Positron emission tomography (PET) uses isotopes that decay by positron emission. When the emitted positron encounters an electron (within about 1 mm), both particles annihilate, producing two 511 keV gamma rays traveling in exactly opposite directions. Detecting these coincident gamma rays allows precise 3D localization of the radiotracer.

Fluorine-18 fluorodeoxyglucose (F-18 FDG) is the most common PET tracer. FDG is a glucose analog that accumulates in cells with high metabolic activity. Cancer cells, which consume glucose at greatly elevated rates, light up brightly on FDG-PET scans. This makes PET invaluable for:

  • Detecting and staging cancers
  • Monitoring treatment response (a shrinking PET signal means the treatment is working)
  • Distinguishing benign from malignant lesions
  • Detecting Alzheimer's disease and evaluating seizure disorders

F-18 has a 110-minute half-life, requiring an on-site or nearby cyclotron for production. Other PET isotopes include carbon-11 (20 min), nitrogen-13 (10 min), oxygen-15 (2 min), and gallium-68 (68 min).

Radiation Therapy

While diagnostic nuclear medicine uses low doses of radiation to image the body, therapeutic nuclear medicine deliberately delivers high radiation doses to destroy diseased tissue, particularly cancer.

External beam radiation therapy (not strictly nuclear medicine, but related) uses high-energy photon or particle beams from outside the body. Cobalt-60 teletherapy units, once common, have been largely replaced by linear accelerators, though cobalt-60 remains important in developing countries.

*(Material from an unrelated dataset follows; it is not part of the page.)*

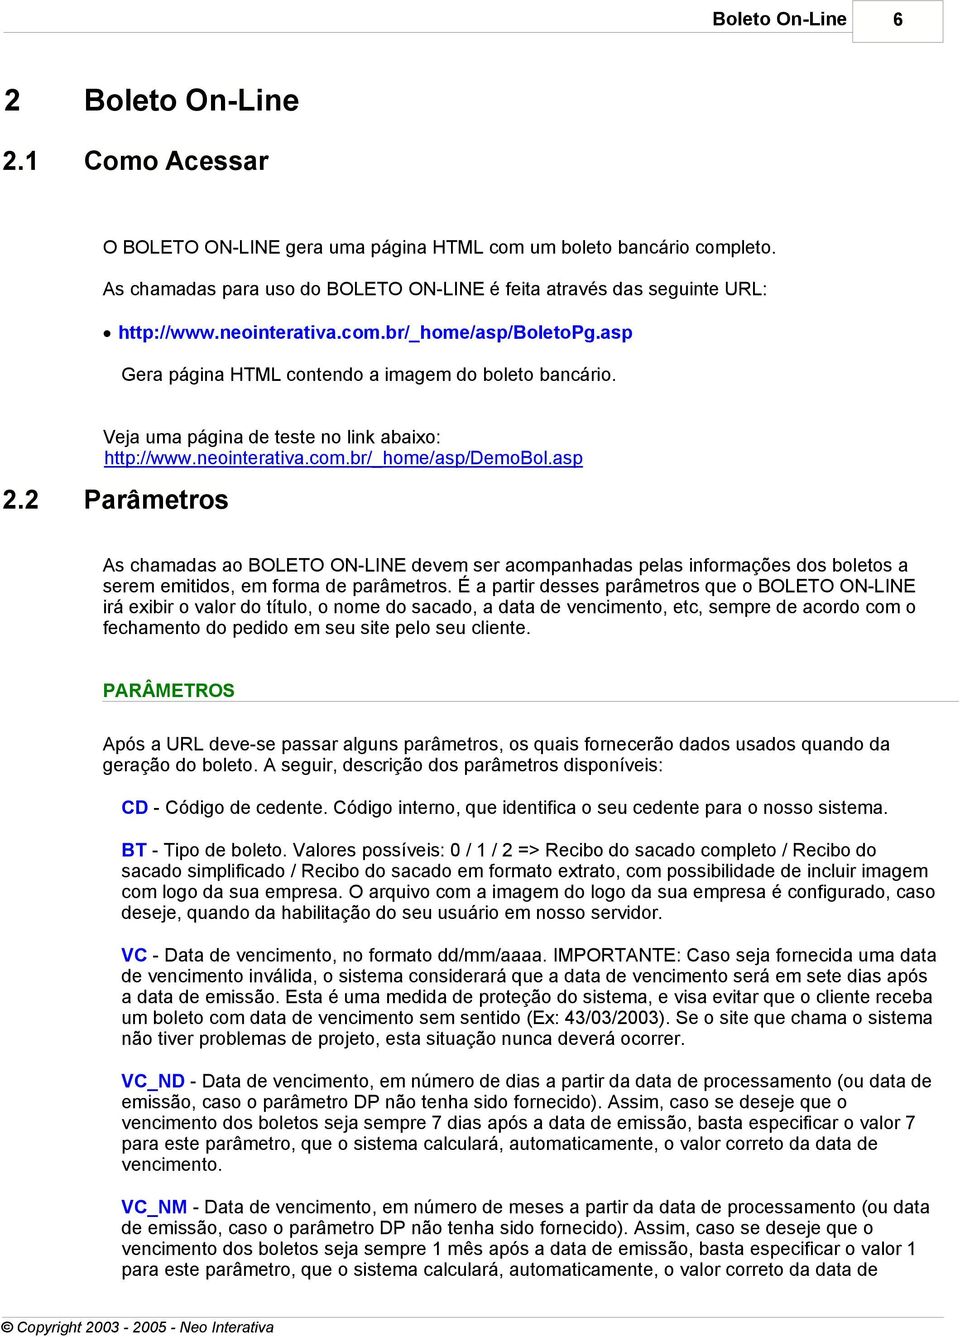 Veja uma página de teste no link abaixo: http://www.neointerativa.com.br/_home/asp/demobol.asp 2.

Brachytherapy involves placing sealed radioactive sources directly into or adjacent to the tumor. Iodine-125 seeds permanently implanted in the prostate and cesium-137 or iridium-192 sources temporarily placed in the cervix or breast are common examples.

Systemic radionuclide therapy delivers radioactive drugs that selectively accumulate in target tissues:

  • Iodine-131 for thyroid cancer and hyperthyroidism: The thyroid gland avidly absorbs iodine, concentrating the radioactive dose precisely where needed. This was the first targeted radionuclide therapy, introduced in the 1940s.
  • Lutetium-177-DOTATATE (Lutathera) for neuroendocrine tumors: A somatostatin analog labeled with Lu-177 binds to receptors overexpressed on tumor cells.
  • Radium-223 (Xofigo) for bone metastases from prostate cancer: Ra-223 is a calcium analog that localizes in bone, delivering targeted alpha radiation to metastatic deposits.

Radiation Dose in Medicine

Diagnostic nuclear medicine procedures deliver relatively low radiation doses. A typical Tc-99m bone scan delivers about 4-6 millisieverts (mSv), comparable to 1-2 years of natural background radiation. A whole-body FDG-PET scan delivers about 7-10 mSv. For comparison, a chest CT delivers about 7 mSv, and natural background radiation averages about 2.4 mSv per year worldwide. The diagnostic benefit of these procedures vastly outweighs the small radiation risk.